Post-Market Surveillance (PMS) is a broad system for collecting and analyzing information about a medical device after it enters the market, including complaints, incidents, and trend data (MDR Articles 83–86). Post-Market Clinical Follow-up (PMCF) is a specific, proactive process within the clinical evaluation framework (MDR Article 61(11), Annex XIV Part B) designed to actively collect clinical data that addresses residual questions from the pre-market clinical evaluation. PMS is reactive and operational; PMCF is proactive and clinical. They feed into different documents. PMS into the PSUR/PMSR, and PMCF into the CER.
Is a PMCF plan required for Class I devices?
Yes. MDR Article 61(11) applies to all device classes. Even for Class I devices, the manufacturer must evaluate whether PMCF activities are necessary. If the manufacturer concludes that PMCF is not applicable, this decision must be duly justified in the clinical evaluation documentation. In practice, most Class I devices will require at least literature monitoring and some form of structured follow-up, particularly when clinical claims are made. A blanket statement that “PMCF is not needed for Class I” without supporting justification is not acceptable to Notified Bodies or competent authorities.
How does PMCF feed into the CER update?
PMCF data must be analyzed and incorporated into the CER at each update cycle. The PMCF report presents the collected clinical data and its analysis. The CER evaluator then assesses whether the PMCF findings confirm, modify, or challenge the existing clinical evaluation conclusions. If PMCF data reveals new risks, altered benefit-risk ratios, or changes in the state of the art, the CER conclusions must be updated accordingly. This feedback loop ensures that the clinical evaluation remains a living document throughout the device lifecycle.
What types of PMCF studies are accepted by Notified Bodies?
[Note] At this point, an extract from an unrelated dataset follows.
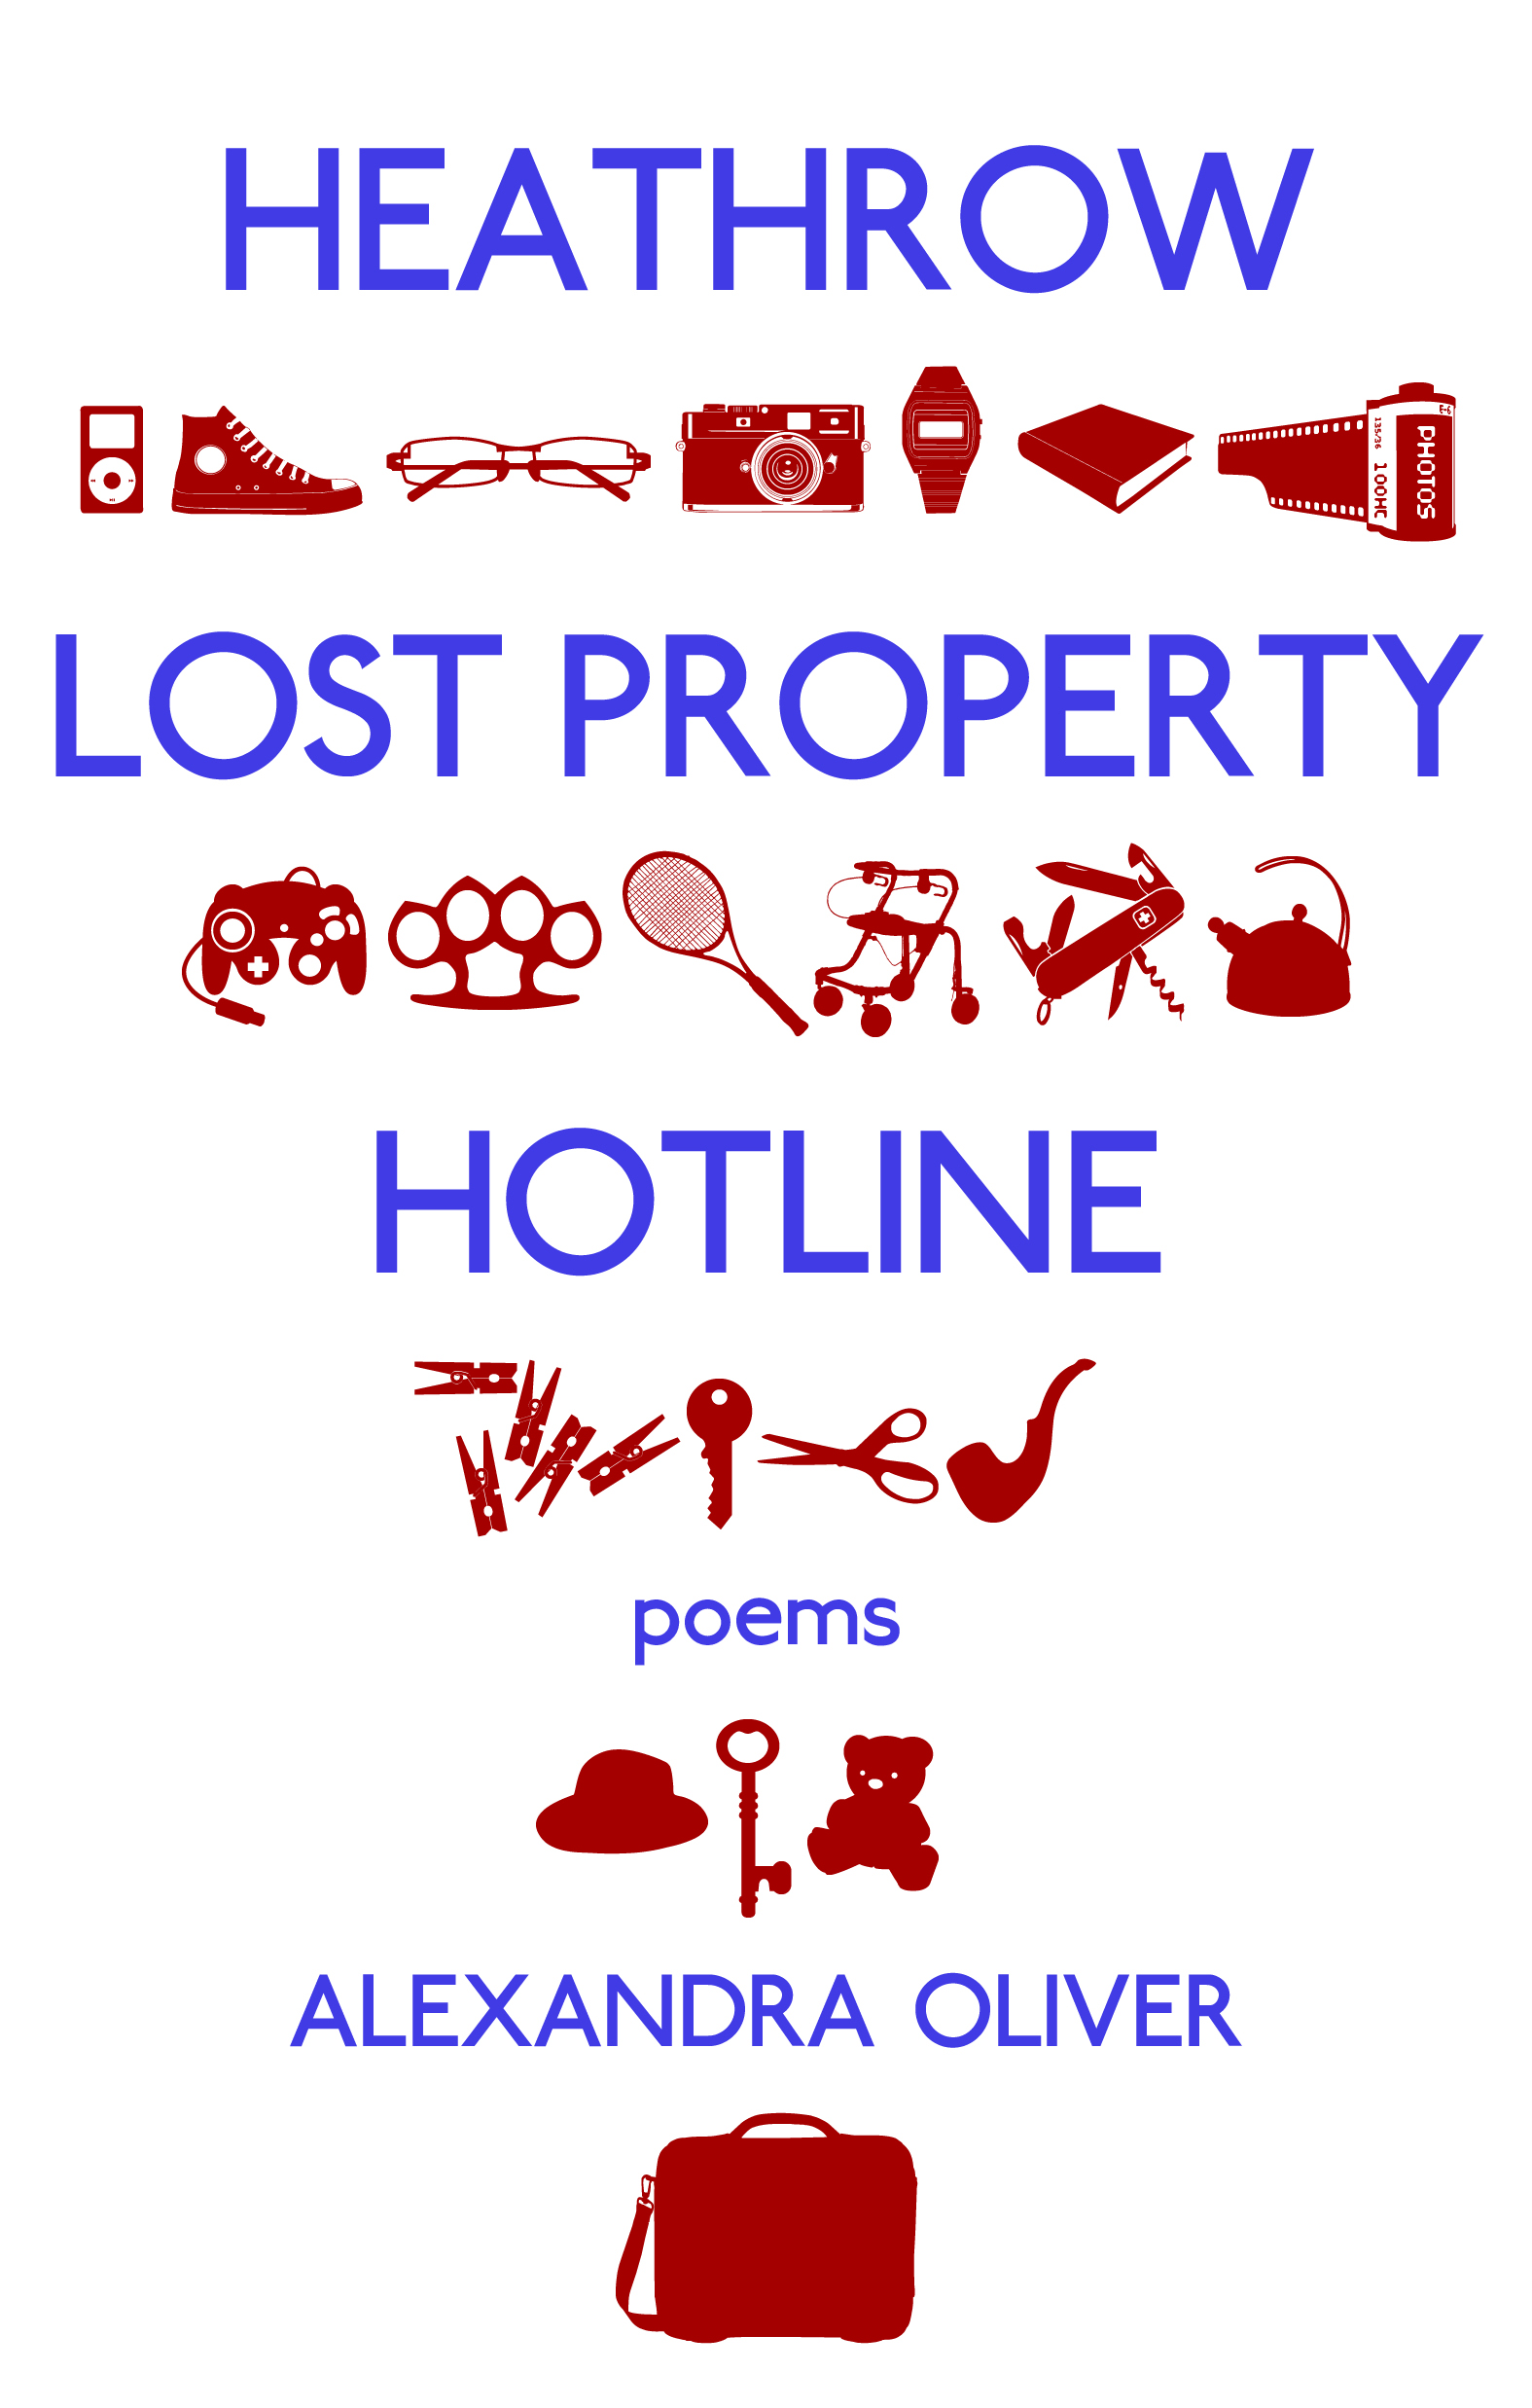 Heathrow Lost Property Hotline

Notified Bodies accept a range of PMCF study designs, provided they are scientifically justified and appropriate for the clinical questions being addressed. Accepted designs include prospective observational studies, retrospective analyses, registry-based studies, comparative cohort studies, patient surveys using validated instruments, and systematic literature reviews. The key requirement is not the study type itself but whether it generates sufficient, high-quality clinical data to address the specific residual uncertainties identified in the CER. MDCG 2020-8 provides the template for PMCF study evaluation reports.
How often should the PMCF report be updated?
The PMCF report should be updated in alignment with the CER update cycle. For Class III devices and implantables, this means at least annually. For Class IIa and IIb devices, updates should occur at least every two to five years, or more frequently if new data warrants it. Additionally, the PMCF report should be updated whenever significant new clinical data becomes available, a safety signal is detected, or the benefit-risk profile changes. The update frequency should be defined in the PMCF plan itself.